Archibald Randolph (A.R.) Ammons was born in rural North Carolina on February 18, 1926. His experiences growing up on a cotton and tobacco farm during the Great Depression inspired a great deal of his poetry. Ammons wrote his first poems while serving aboard a Navy destroyer during World War II. After the war, he earned a BA from Wake Forest University and an MA in English from the University of California at Berkeley. He taught at Cornell University in Ithaca, New York from 1964 to 1998. Ammons’s many honors include two National Books Awards, a National Book Critics Circle Award, the Library of Congress’s Rebekah Johnson Bobbitt National Prize for Poetry, and the Bollingen Prize for Poetry. He is the author of numerous poetry collections, including Bosh and Flapdoodle (2005), Glare (1997), Garbage (1993), A Coast of Trees (1981), Sphere (1974), Collected Poems 1951-1971, Tape for the Turn of the Year (1965), and Ommateum: With Doxology (1955).

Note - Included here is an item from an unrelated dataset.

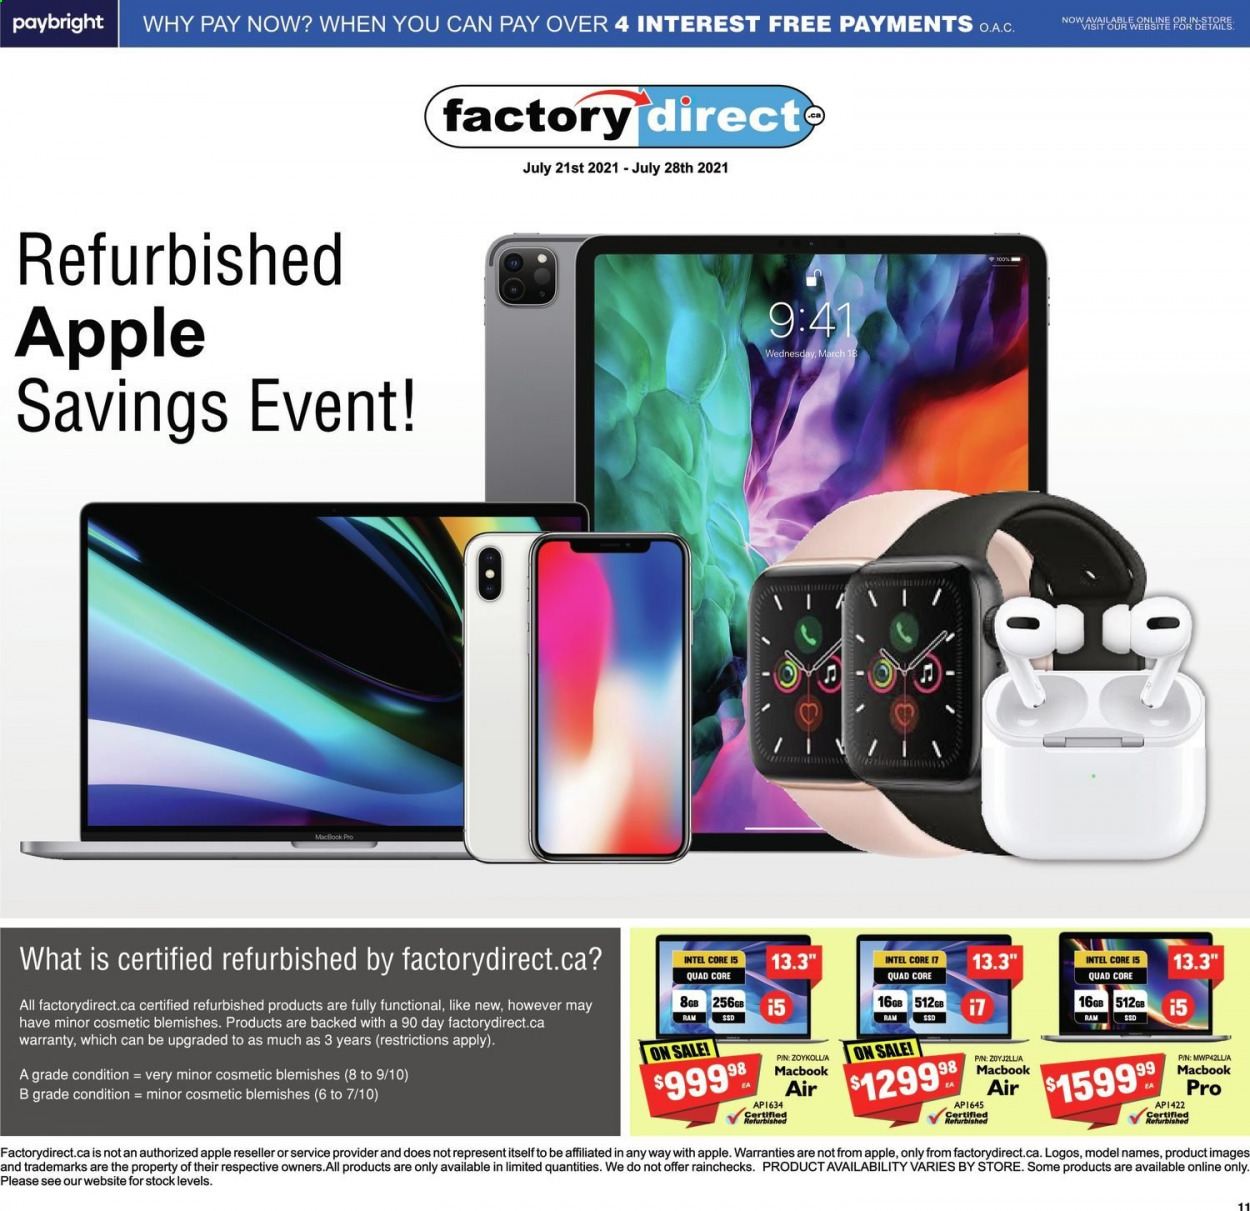 Factory Direct flyer  - July 21, 2021 - July 28, 2021.

Ammons once told the Winston-Salem Journal and Sentinel, “I never dreamed of being a Poet poet. I think I always wanted to be an amateur poet.” But critics have long recognized Ammons as a major American poet, and the measure of their esteem is implied by the stature of the poets to whom they compare him. Tracing his creative genealogy, they are apt to begin with Ralph Waldo Emerson and Henry David Thoreau and work chronologically forward through Walt Whitman, Ezra Pound, Robert Frost, Wallace Stevens, and William Carlos Williams. Of those poets, Harold Bloom felt that the transcendentalists Emerson and Whitman have influenced Ammons the most. In his book The Ringers in the Tower: Studies in Romantic Tradition, Harold Bloom contended that “the line of descent from Emerson and Whitman to the early poetry of Ammons is direct, and even the Poundian elements in [Ammons’s poem] ‘Ommateum’ derive from that part of Pound that is itself Whitmanian.” “Ommateum” refers to an insect’s compound eye, and presages the inclusiveness that marks Ammons’s canon and the works of earlier transcendentalists.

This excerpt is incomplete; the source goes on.